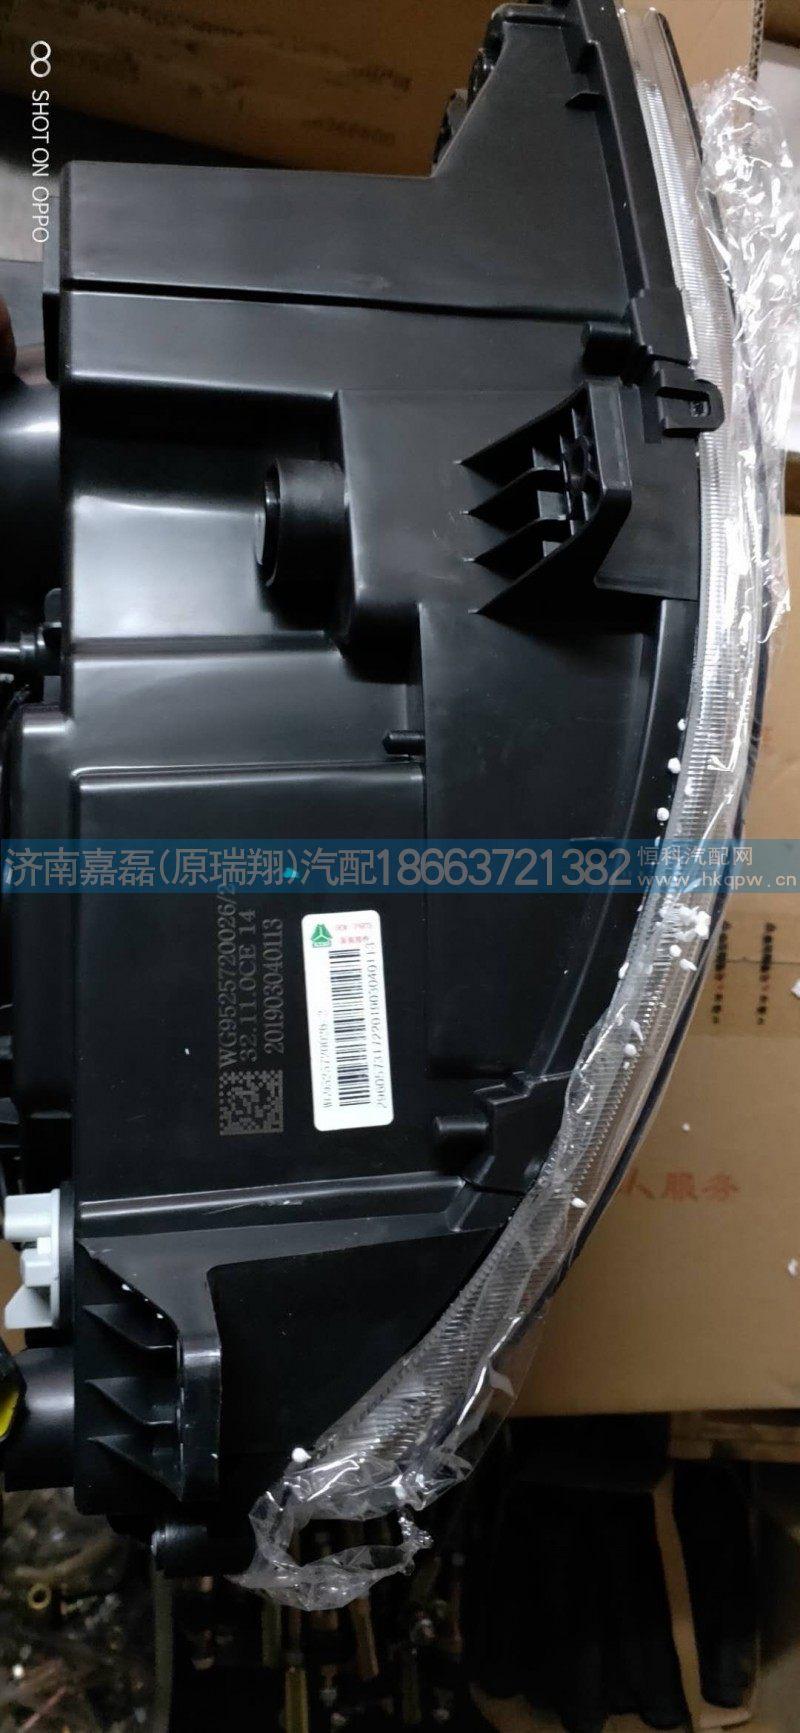 WG9525720026/右前组合大灯 NJ17(电调)/WG9525720026
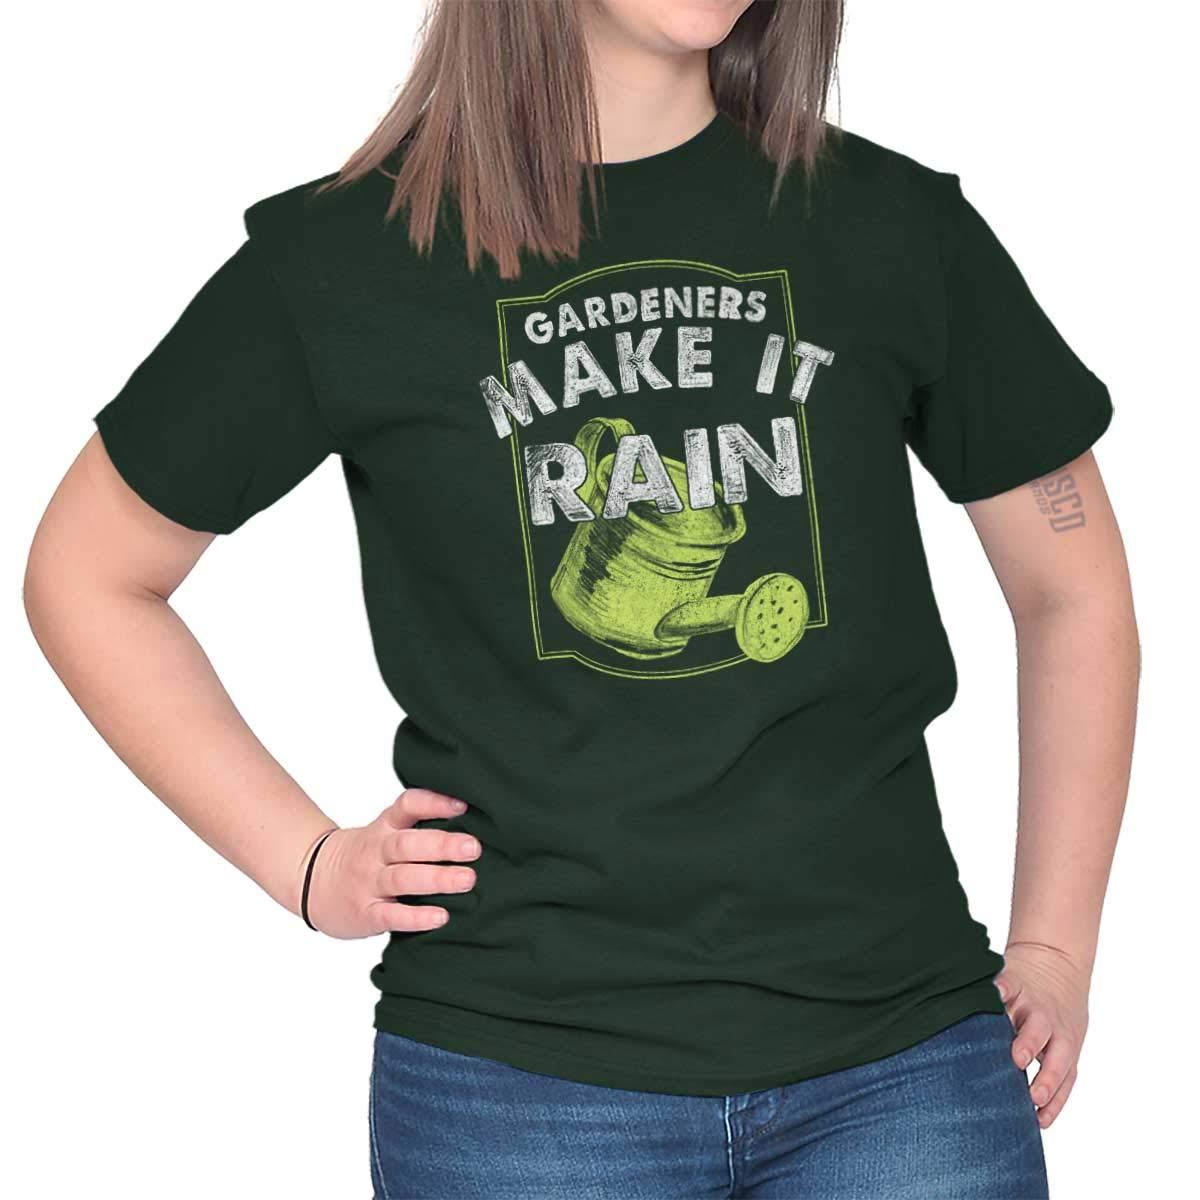 Gardeners Make It Rain Home Gardening Humor T Shirt 3834
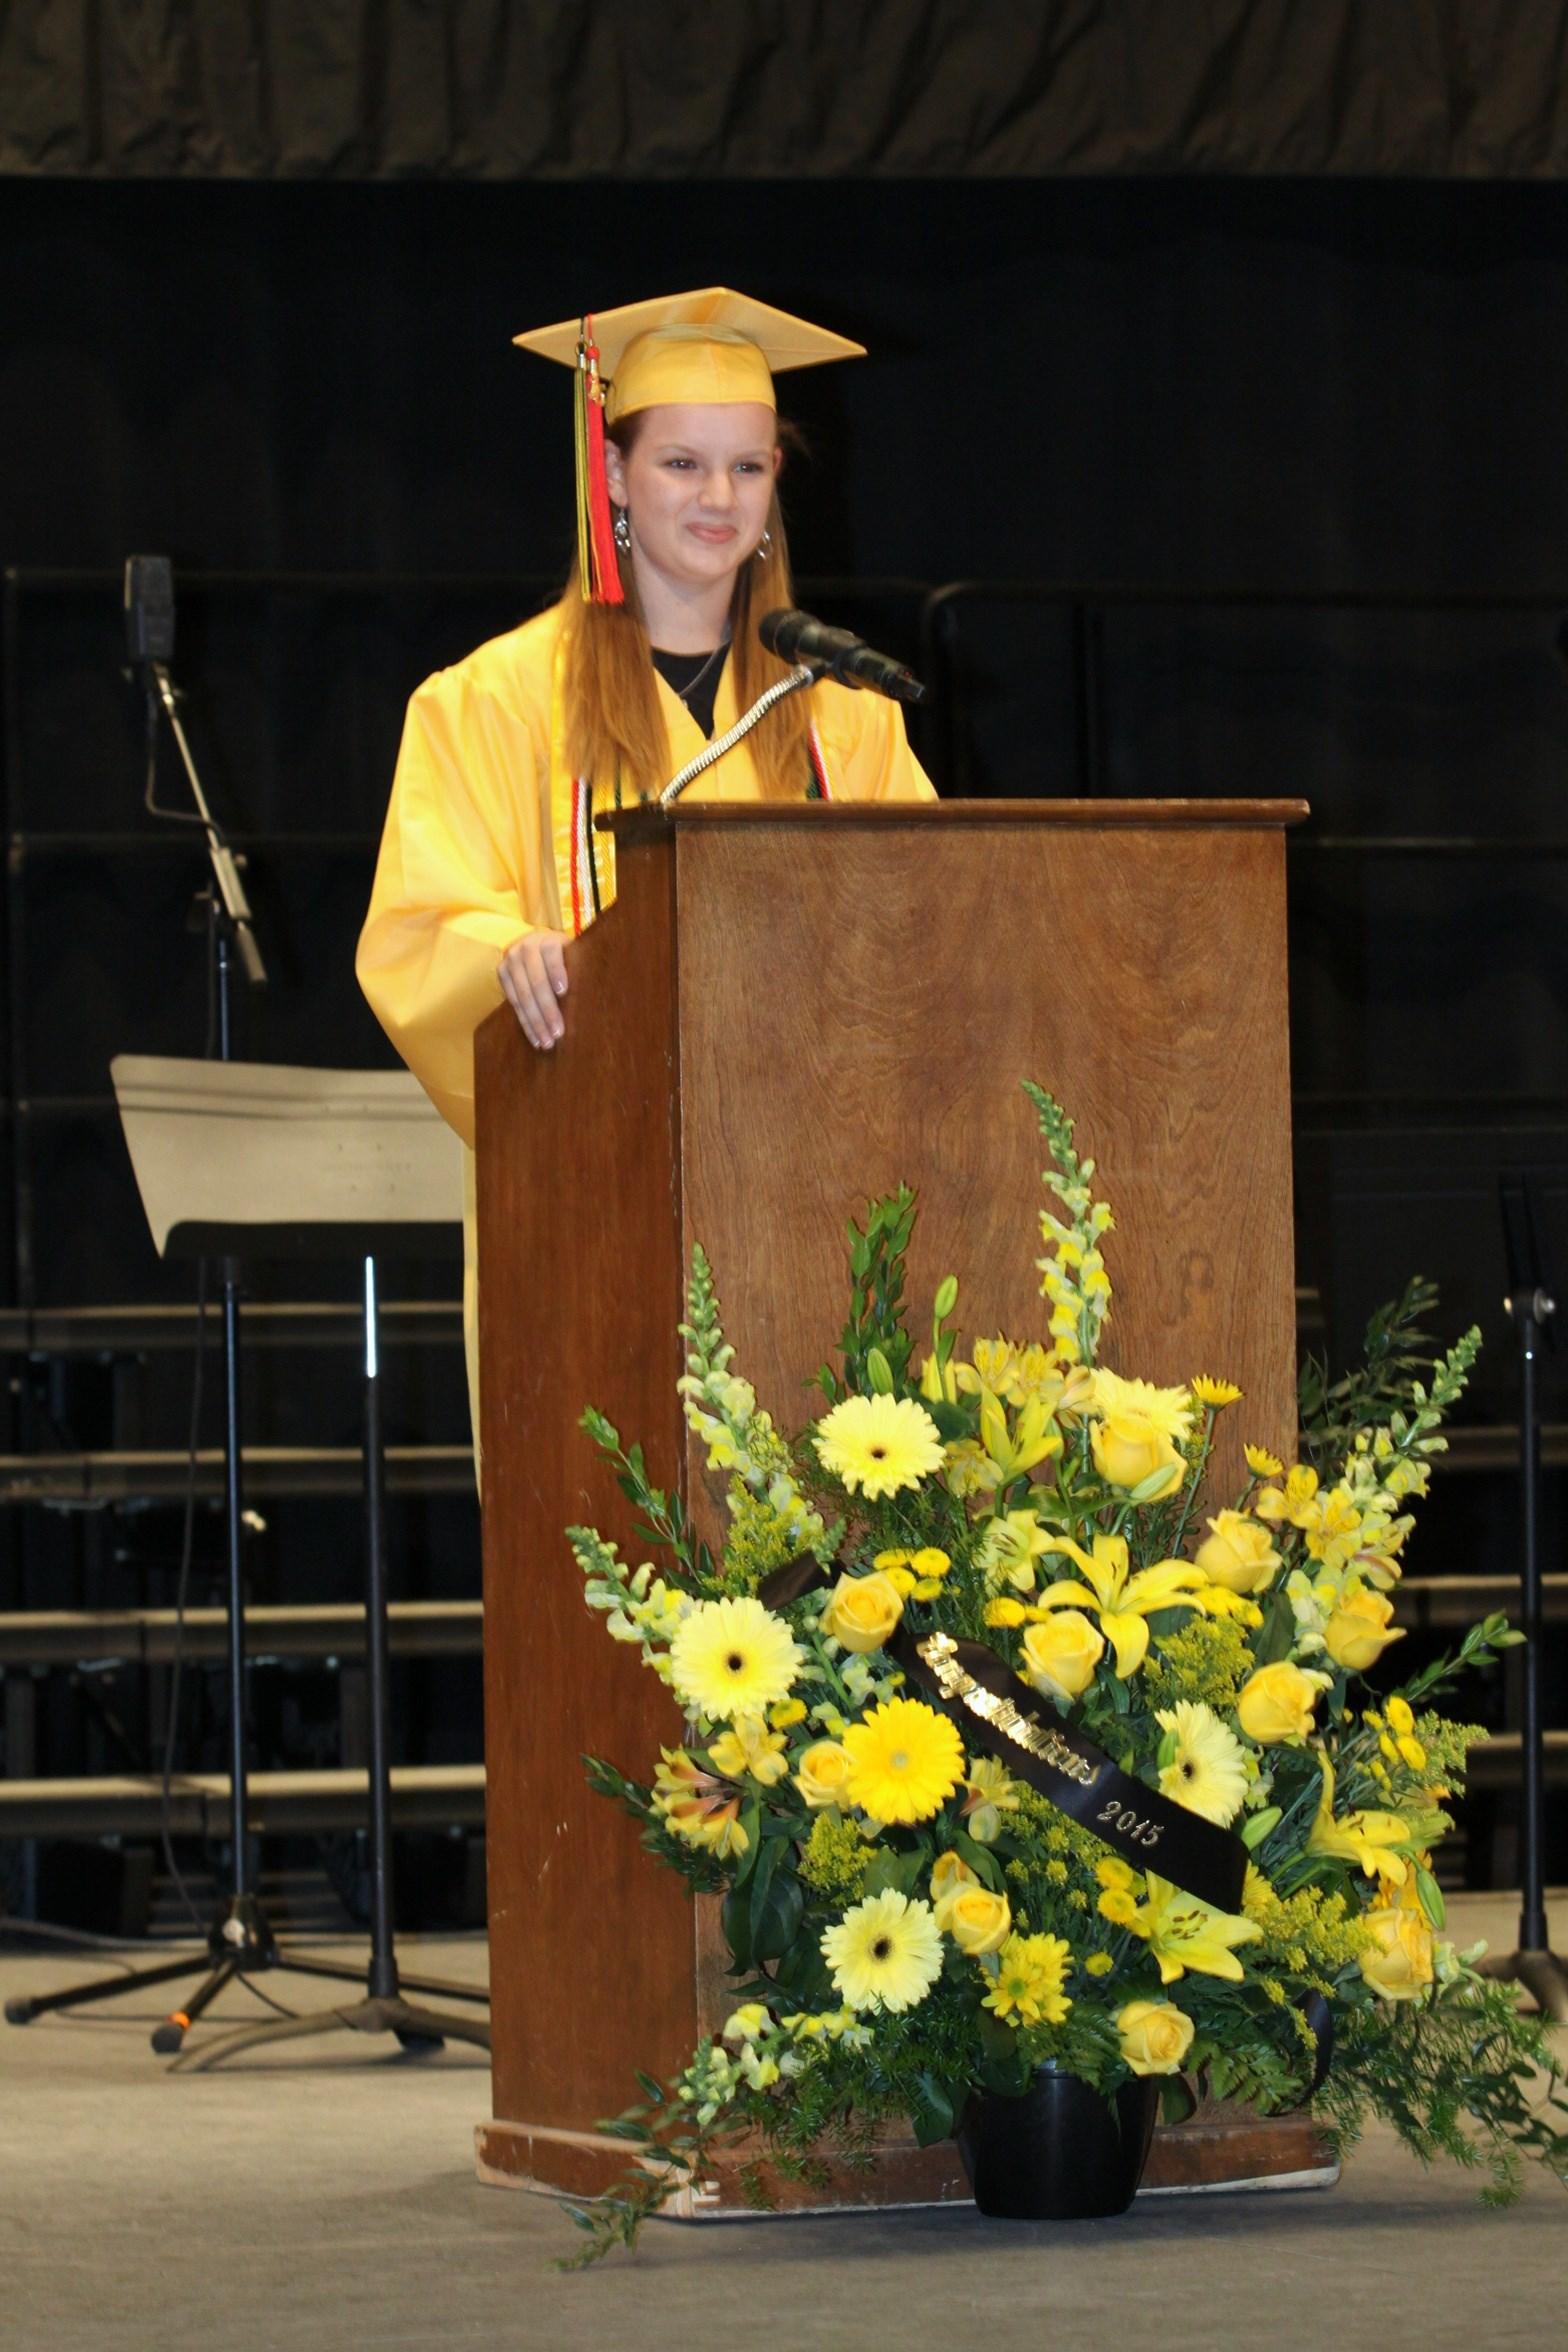 Class President Emily Vinson
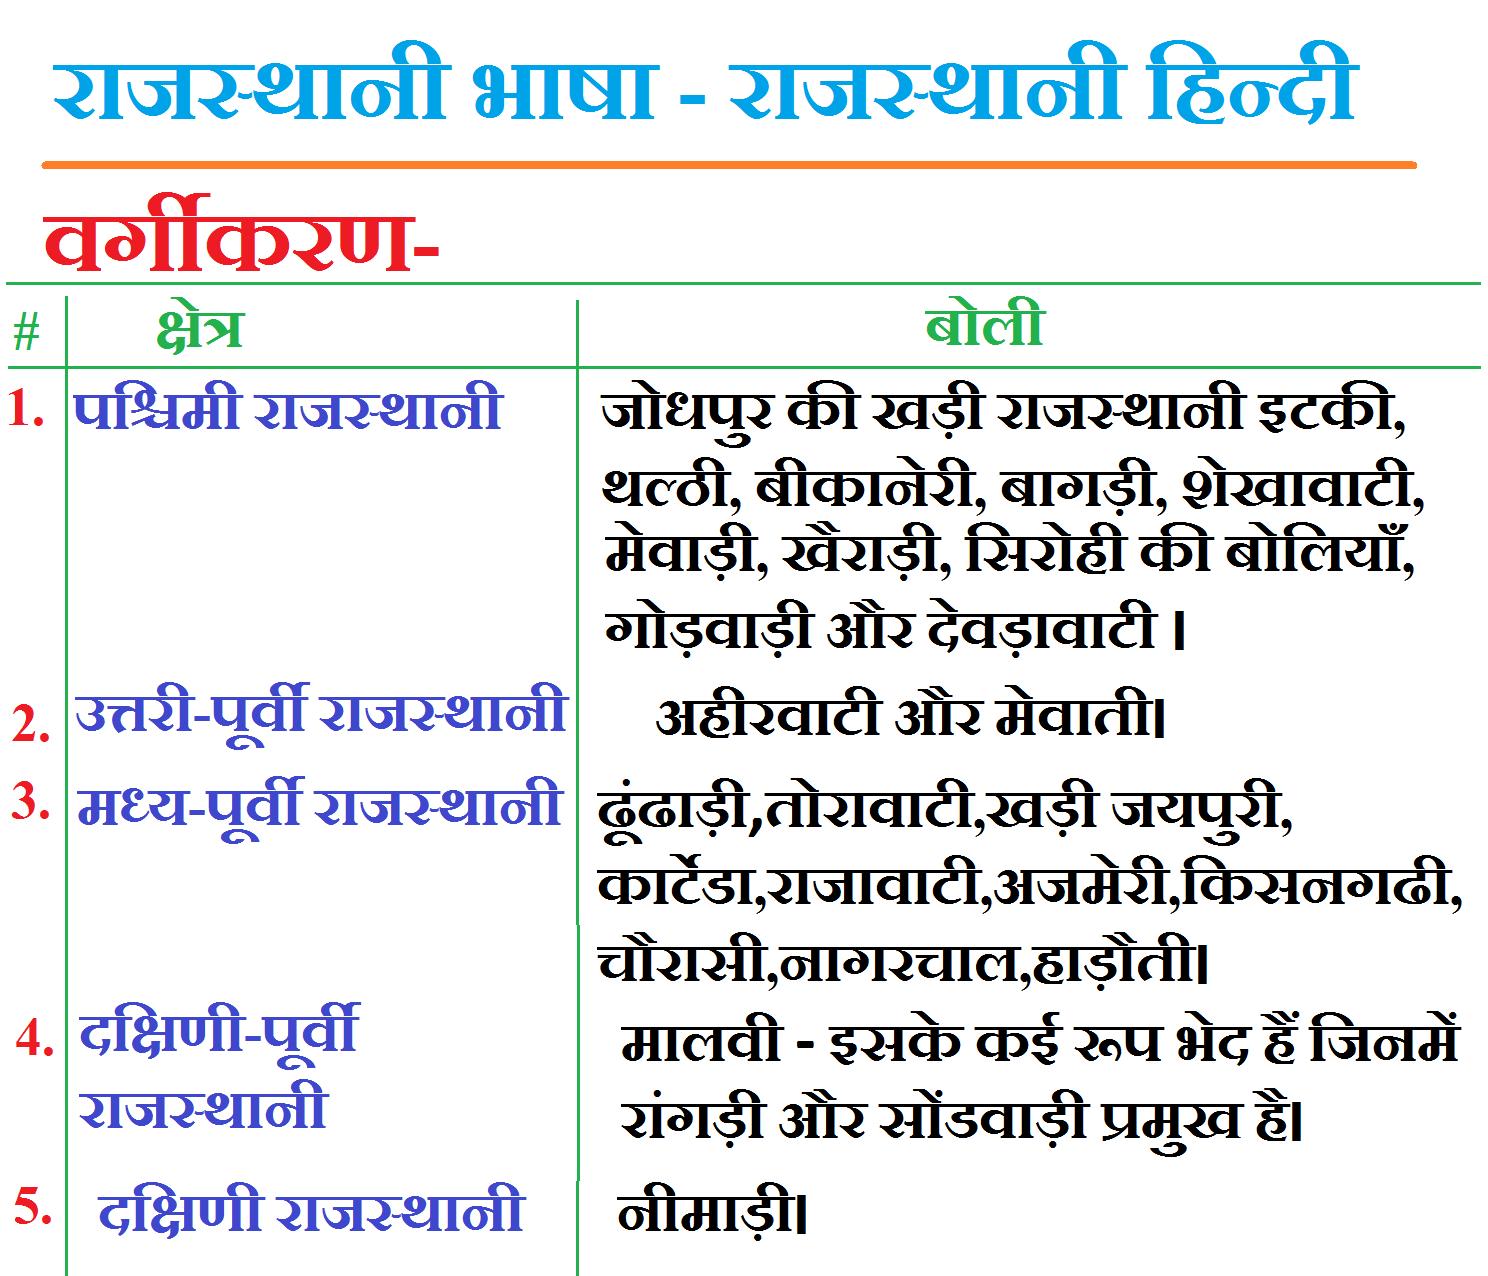 RAJASTHANI BHASHA KE BHED, UPBHED - HINDI
_ _ _ _ _ _ _
Return the complete material exactly as given, excluding images.

# Answer
 WG9525720026/右前组合大灯 NJ17(电调)/WG9525720026
 Gardeners Make It Rain Home Gardening Humor T Shirt 3834
 Class President Emily Vinson
 RAJASTHANI BHASHA KE BHED, UPBHED - HINDI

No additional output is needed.